Les réfugiés du camp d’Argelès-sur-Mer prennent connaissance des avis les concernant, 15 février 1939.
Archives départementales des Pyrénées-Orientales.Fonds Chauvin, 27Fi79.
Sortir du camp
Il existe ainsi deux types de contrôles pour sortir du camp d’Argelès-sur-Mer. Le premier est numérique et ne concerne que les réfugiés rapatriés en Espagne, ceux envoyés par groupes dans d’autres camps ou dans des Compagnies de Travailleurs Etrangers. Ces derniers ne font l’objet d’une fouille systématique qu’ à leur sortie. A charge des fonctionnaires de la Sûreté Nationale de les identifier ultérieurement.
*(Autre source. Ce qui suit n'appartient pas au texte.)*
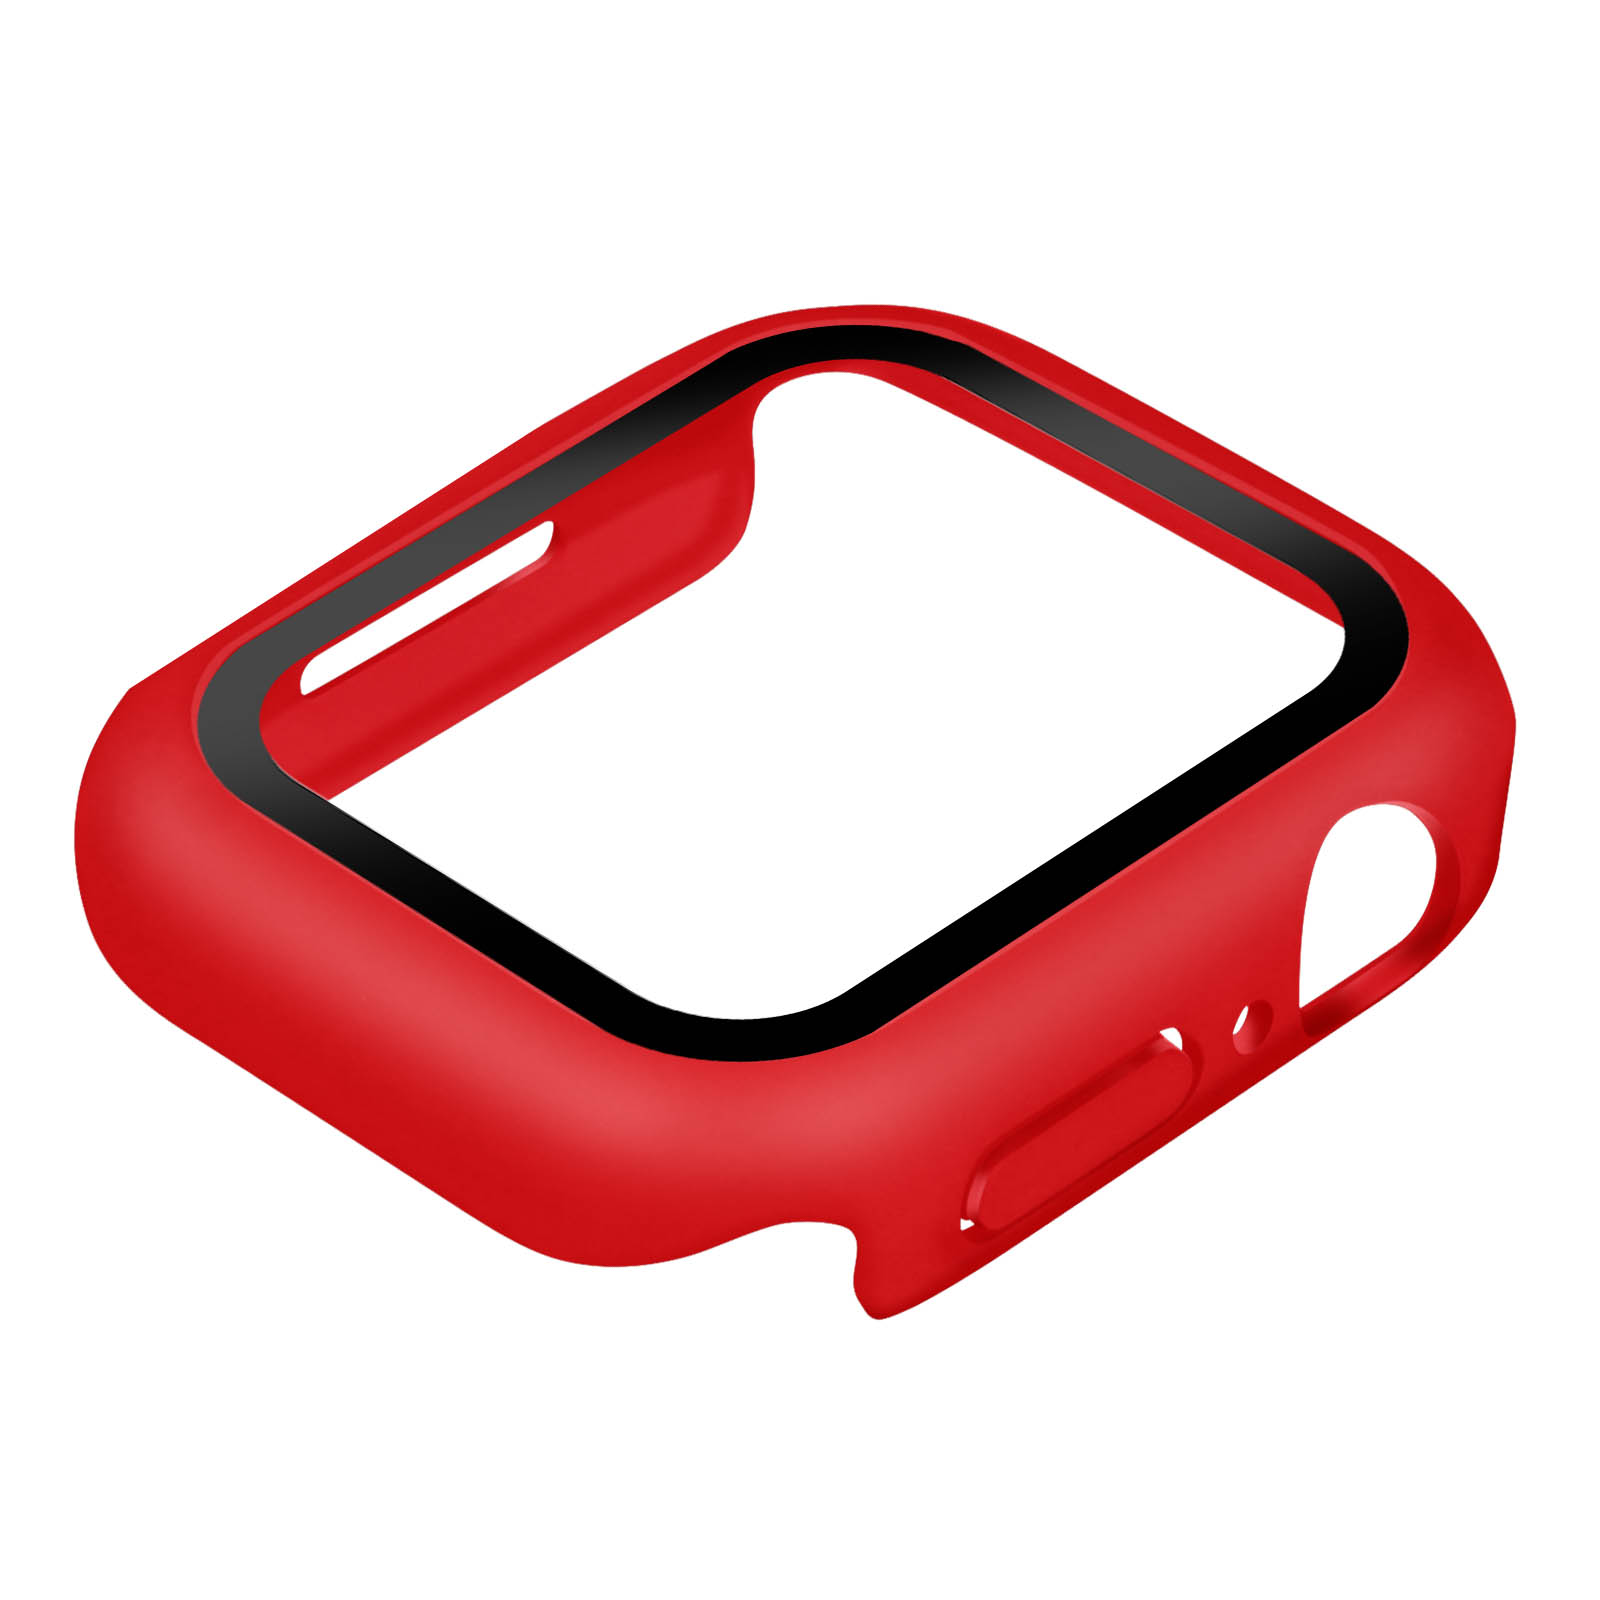 AVIZAR harte Series Watch Schutzhülle, 7, Full Cover, Apple Apple, Rot

Le second vise ceux qui, à titre individuel, ont été rapatriés, et ceux qui bénéficient d’un titre provisoire de séjour délivré par la préfecture ou qui sont transférés dans un autre camp par ordre de l’autorité militaire.
Synthèse des départs enregistrés par la la Sûreté nationale au camp d’Argelès-sur-Mer durant les mois de février, mars, avril et mai 1939.
Témoignages
Agusti Bartra
Un mois auparavant, la plage d’Argelès était déserte. Les mouettes volaient joyeusement dans son ciel et le sable, sans traces de pas, était comme une ceinture d’or entre l’eau bleue et la plaine verte. Mais maintenant s’y étendait une ville de cent mille habitants.